When assessing these opportunities as LTIS, we try to remain vigilant about the robustness of our asset allocation under different scenarios and focus on areas where the present situation exacerbates structural trends or changes the underlying economic assessment of the economic structure. The important takeaway from the past few weeks is that there is an underlying global, coordinated willingness from policymakers to put in a huge amount of monetary and fiscal policy measures to limit any lasting impacts on the world economy from national policies to halt the spread of coronavirus. This gives us confidence that currently very elevated risk premia will once again compress, and whilst the economic impact is likely severe we remain of the view that the lion’s share of the disruption from the coronavirus pandemic will be felt in 2020.

There may well be other lasting implications and just like with other major crises, we it is likely that this pandemic will lead to structural changes and shifts including:

  • Shift toward deglobalization. Following on from the US-China trade dispute of recent years, the current tumult poses further incentive for companies and economies to become more self-sufficient via local supply chains. Such trends would likely lead us to greater differentiation in economic cycles relative to recent decades.
  • Accelerate the shift from West to East. In a previous note, the Long Term Investment Strategy Team provided a thesis of how the global economy was shifting from west to east at an unprecedented pace. For a number of reasons including differential policy responses to Covid-2019 and speed of subsequent recoveries, we feel that this shift would be even further accelerated in the short term.
  • Push towards greater domestic consumption within Asia. For crises in years and decades gone past, the standard formula has often been for the consumption in the western ‘developed world’ to pull the eastern and emerging export led economies out of a recession with increased consumption from the west.
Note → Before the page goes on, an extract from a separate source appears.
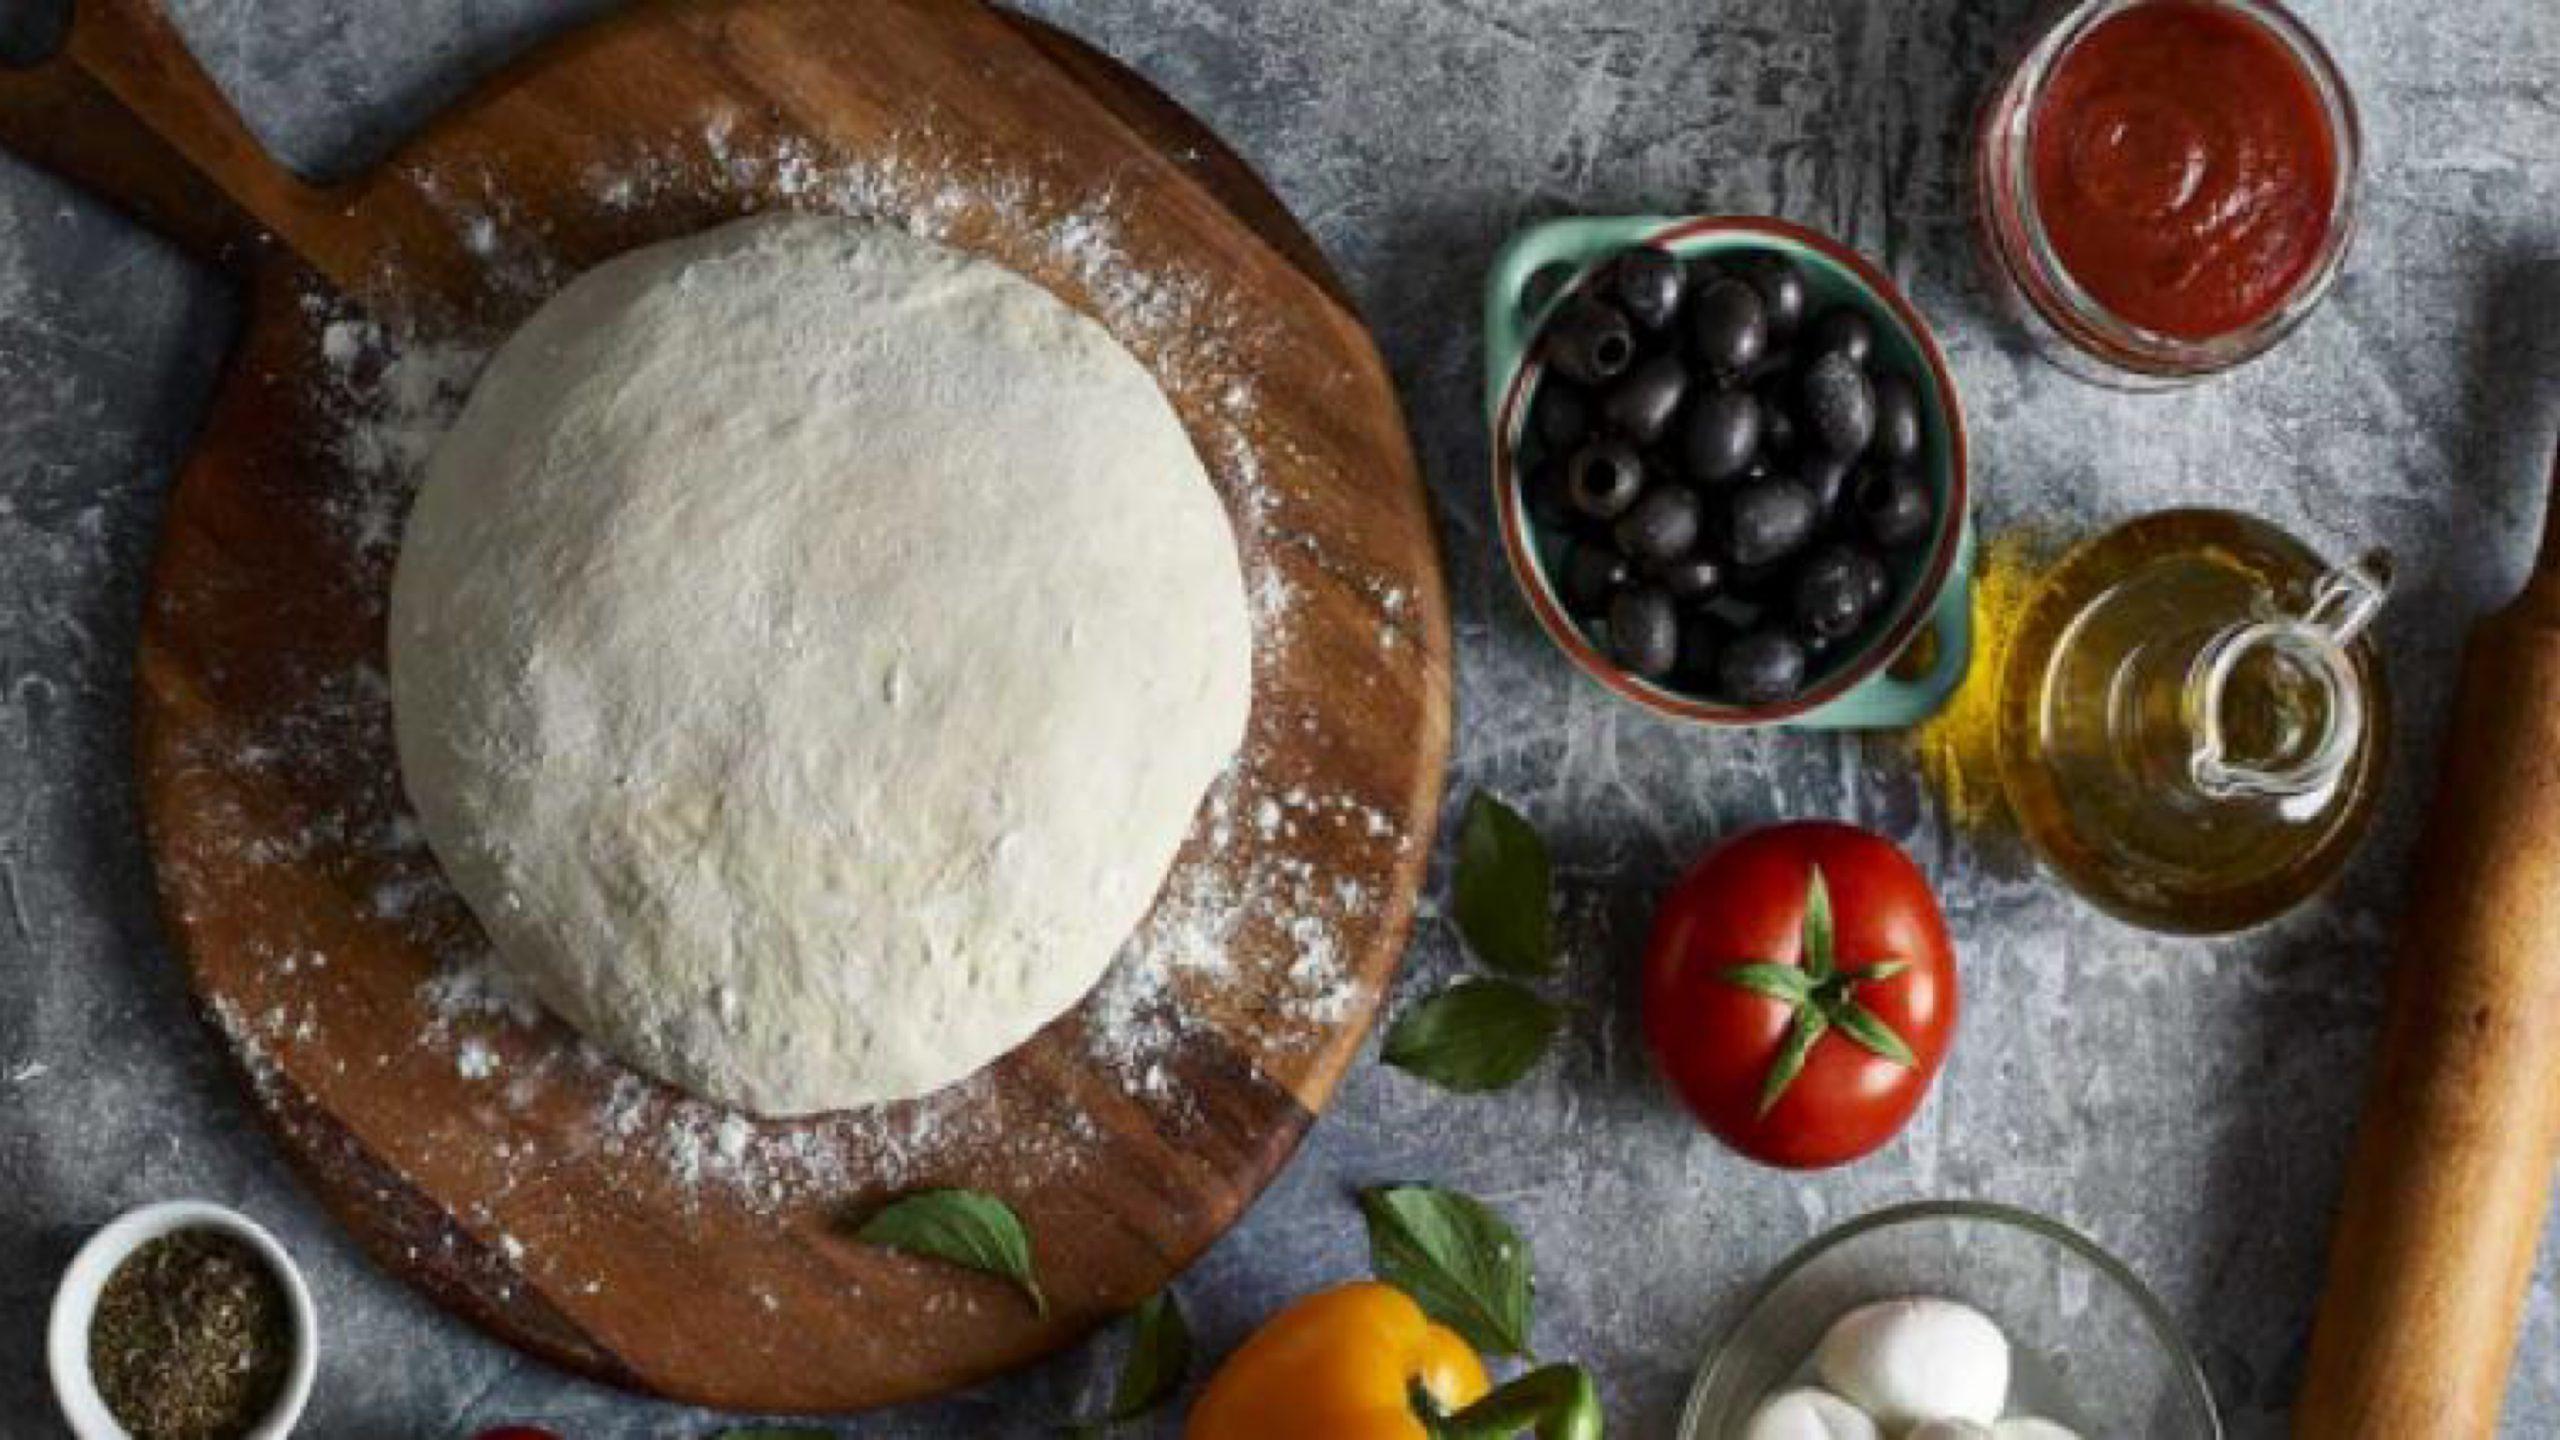 طريقة عمل عجينة البيتزا بمكونات متوفرة لدى الجميع

Going into the crisis, Asia was already much less dependent on exports to the west, and given the aggregate Covid-2019 policies and timeline, greater reliance on domestic consumption may prove to be a necessary condition to emerge from the downturn ahead of the curve.
  • Automation, Digitalisation and new ways of working. A much bigger push for automation and digitalisation of public services, education (distance learning) and healthcare (online doctor and prescription services). This could ultimately lead to an increase in the productive capacity of economies in aggregate, and at the very least new ways of working and changing attitudes to flexible working and demand for office space.
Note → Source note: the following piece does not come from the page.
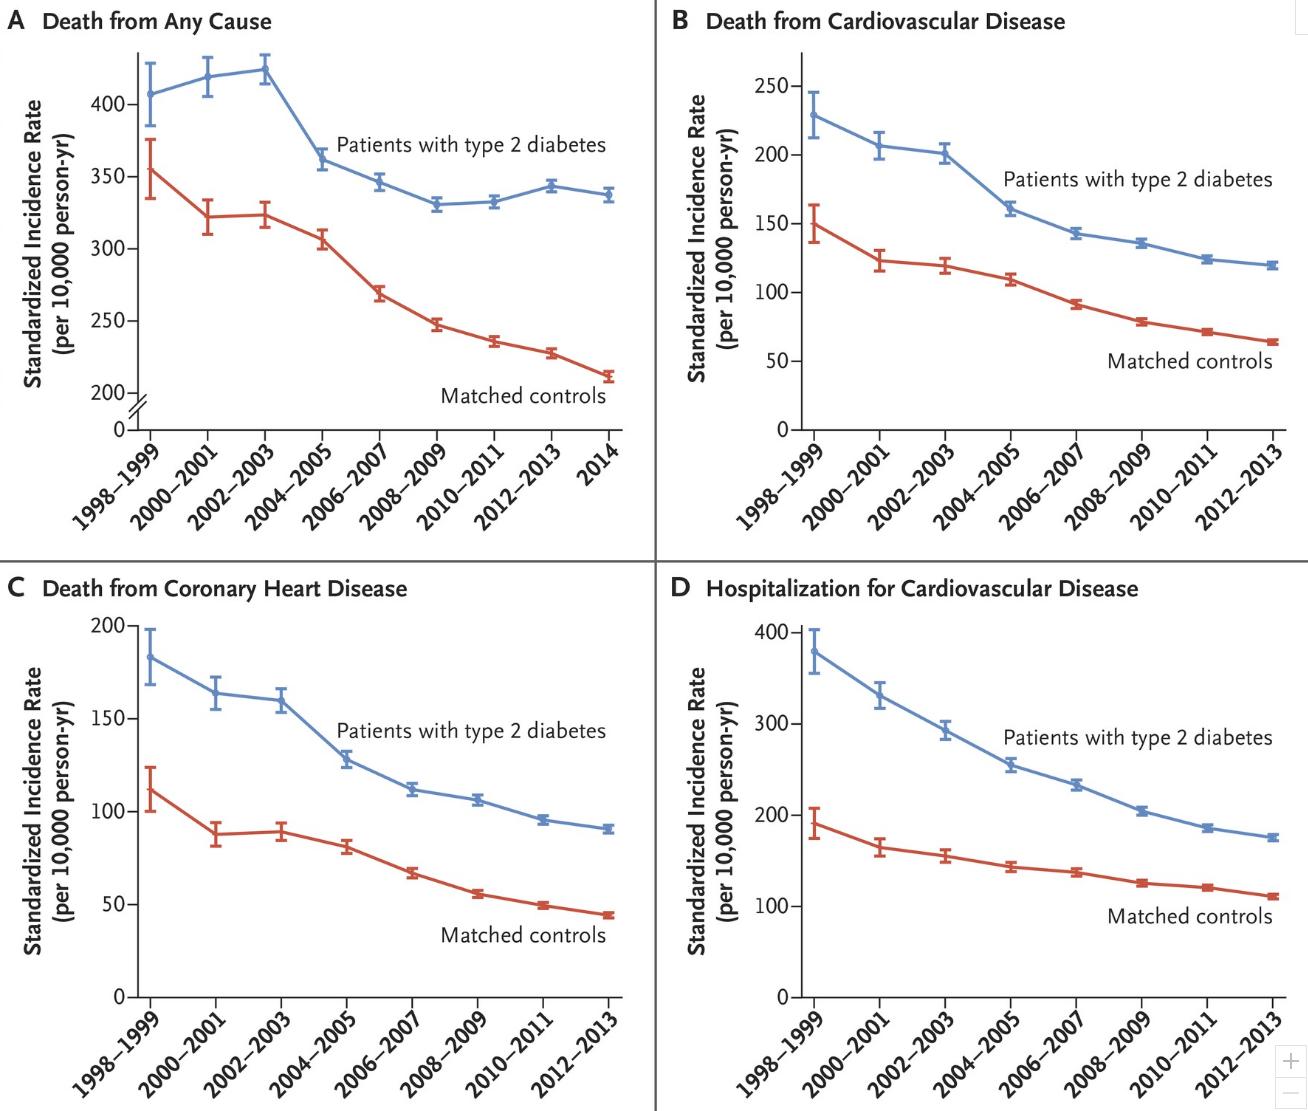 Denna graf visar hur den totala dödligheten, samt död till följd av hjärt-kärlsjukdom, minskat sedan 1998 bland personer med typ 2 diabetes. De blå linjerna representerar trender för personer med typ 2 diabetes och de röda linjerna representerar den övriga befolkningen.

  • Ecological dimension to ESG principles: Last but not the least, as the dust settles from the impact of the Covid-2019 crises and we revert to business as usual, we feel that the ecological change will play a much more important role in the ‘E’ of ESG, either as a standalone pillar, or via redefining climate change to include a broader spectrum of ecosystem disruption.

Long Term Investment Strategy is part of Investment Office of M&G. It is responsible for generating economic and capital markets assumptions, setting investment strategies and Strategic Asset Allocation for Prudential’s with-profits, annuities and unit linked products.